Раздались удаляющиеся шаги — она ушла. Лиза бросилась к зеркалу, на ходу лихорадочно поправляя прическу. И вдруг замерла. С другой стороны на нее смотрела красивая девушка, которую она, казалось, видела впервые в жизни. Волнистые русые волосы, уложенные в прическу с жемчужными нитями, обрамляли аристократично бледное лицо. На щеках проступал румянец. Большие васильковые глаза сияли внутренним светом. Чувственный изгиб полноватых губ, который Саша когда-то назвала «луком Амура», белая длинная шея, изящные плечи и тонкие запястья — все это стало каким-то неуловимо другим. Любовь к Кириллу будто изменила ее облик, смягчила, наполнила сиянием.
Она вытащила из шкатулки мамину пудреницу. Серебряная крышка чуть холодила пальцы. Она приоткрыла ее — внутри, как и всегда, лежало немного рассыпчатой, давно выдохнувшейся пудры.

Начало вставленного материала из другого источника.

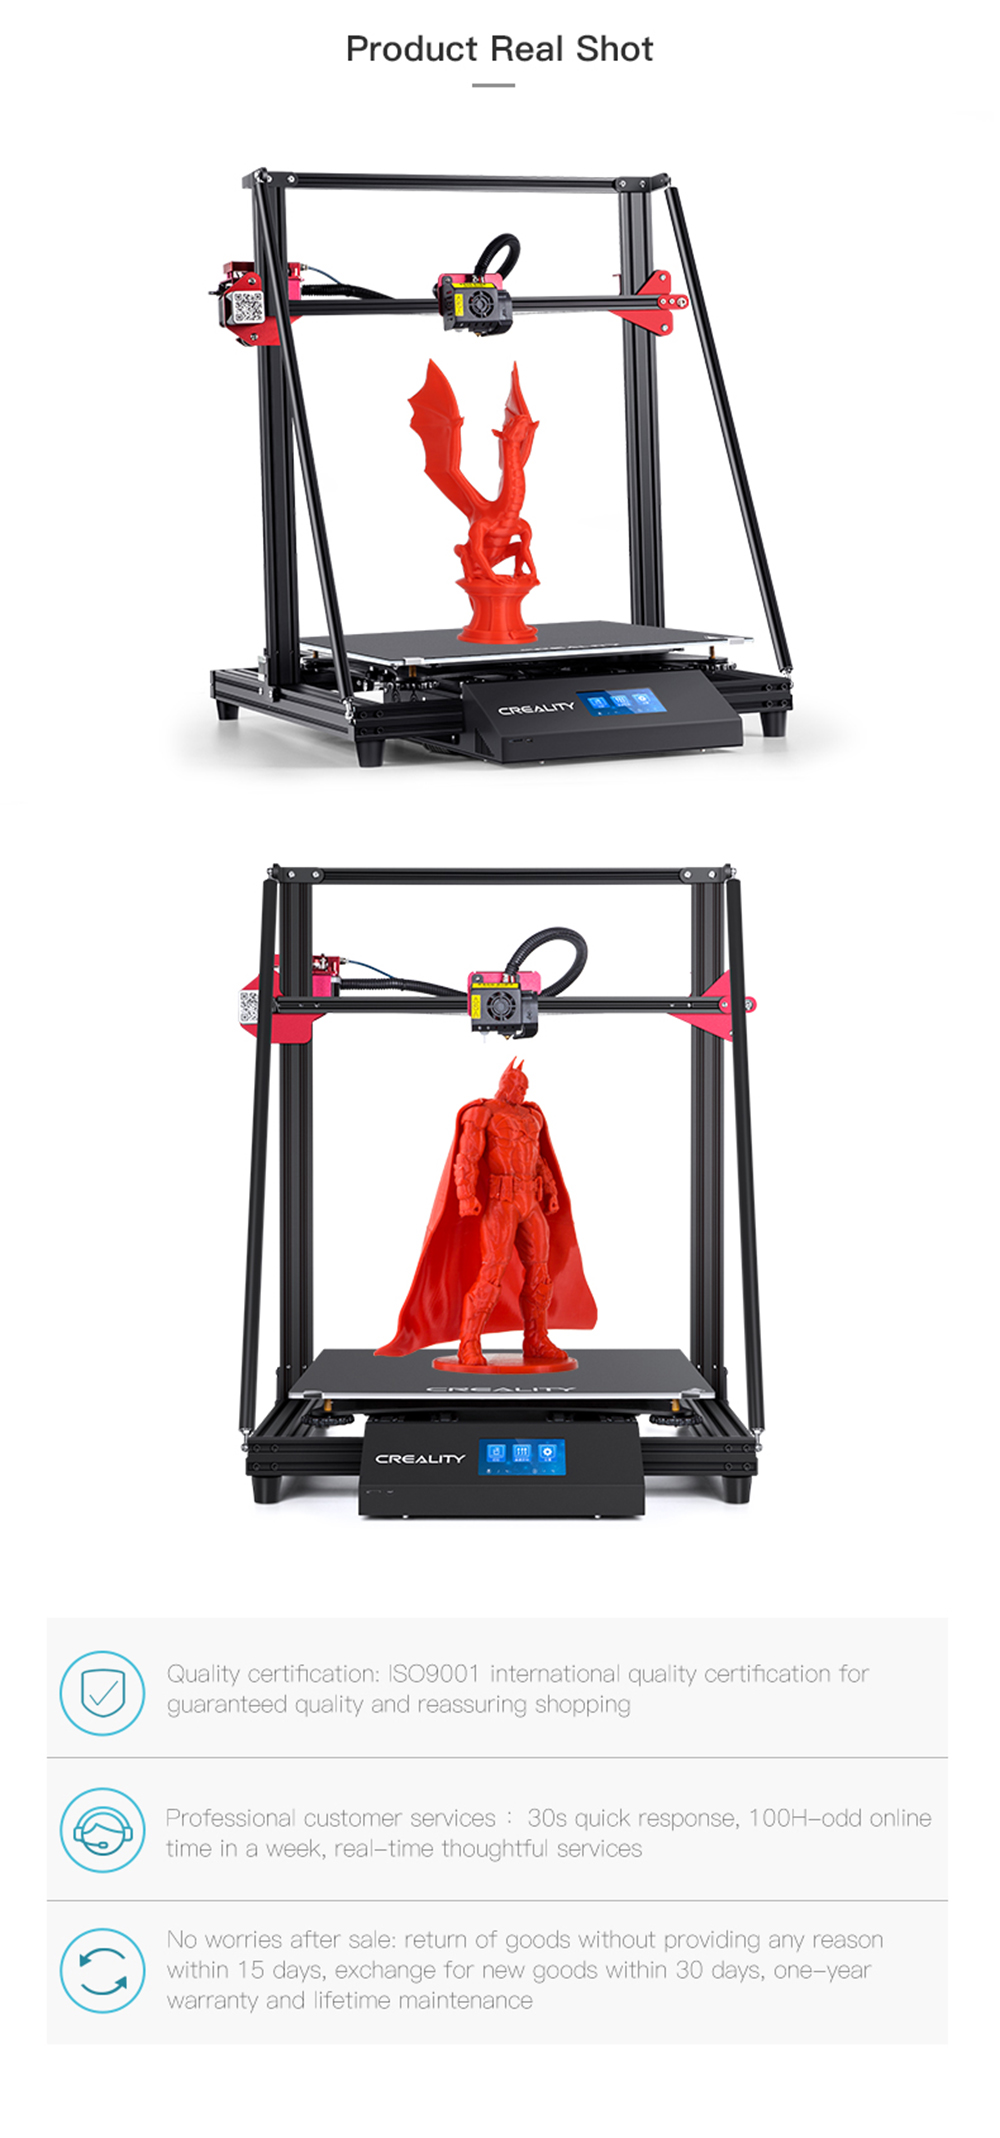 Creality3D CR-10 Max 3D-Drucker Bausatz - 450x450x470mm - Verschiedene Druckeransichten mit 3D-gedruckten Bauteilen

Лиза прижала драгоценную вещицу к своей щеке, блаженно улыбаясь, счастливая до одури, до головокружения.
— Мама… — прошептала она. — Мамочка, милая… Вы видите? Вы видите, какое со мной счастье?
На мгновение ей показалось, что она уловила едва заметный мамин запах — словно она здесь, пришла легким дуновением ветра разделить с дочерью ее огромную, неподъемную радость, от которой подкашивались ноги.
— Он такой… такой прекрасный, мама! И он любит меня. И я его люблю, очень. Так сильно, что страшно… Благословите меня, мама.
Она стояла так с минуту, прижимая к щеке маленькую коробочку и делясь с ней своим счастьем. В этот миг все вокруг было совершенно. Боль утраты, годы одиночества, борьба с собой — все это растворялось в сияющем чувстве, что переполняло ее до краев.
Когда Лиза вошла в гостиную, все взгляды устремились на нее. Она присела в коротком почтительном реверансе, прошагала к креслу и опустилась на его край, сохраняя идеальную осанку воспитанницы Смольного. Руки сложила на коленях. Вся — воплощение скромности и благонравия. Краем глаза она заметила одобрительный взгляд Владимира Романовича и улыбку Кирилла.
— Елизавета, — обратился к ней отец, и его голос звучал непривычно мягко, — господа Кречетовы оказали нам большую честь своим визитом и предложением. Они просят вашей руки. Согласны ли вы стать невестой Кирилла Владимировича?
Лиза подняла глаза и сразу же встретилась взглядом с Кириллом. Он смотрел на нее, не отрываясь, и в его глазах читалось то же восхищение, те же любовь и нетерпение, что бушевали и в ее душе.
— Да, — тихо, но уверенно ответила Лиза. — Да, я согласна.
Лицо Владимира Романовича озарила улыбка, а Антон Антонович незаметно выдохнул. Татьяна Юрьевна встала и шагнула к Лизе, раскрывая объятия.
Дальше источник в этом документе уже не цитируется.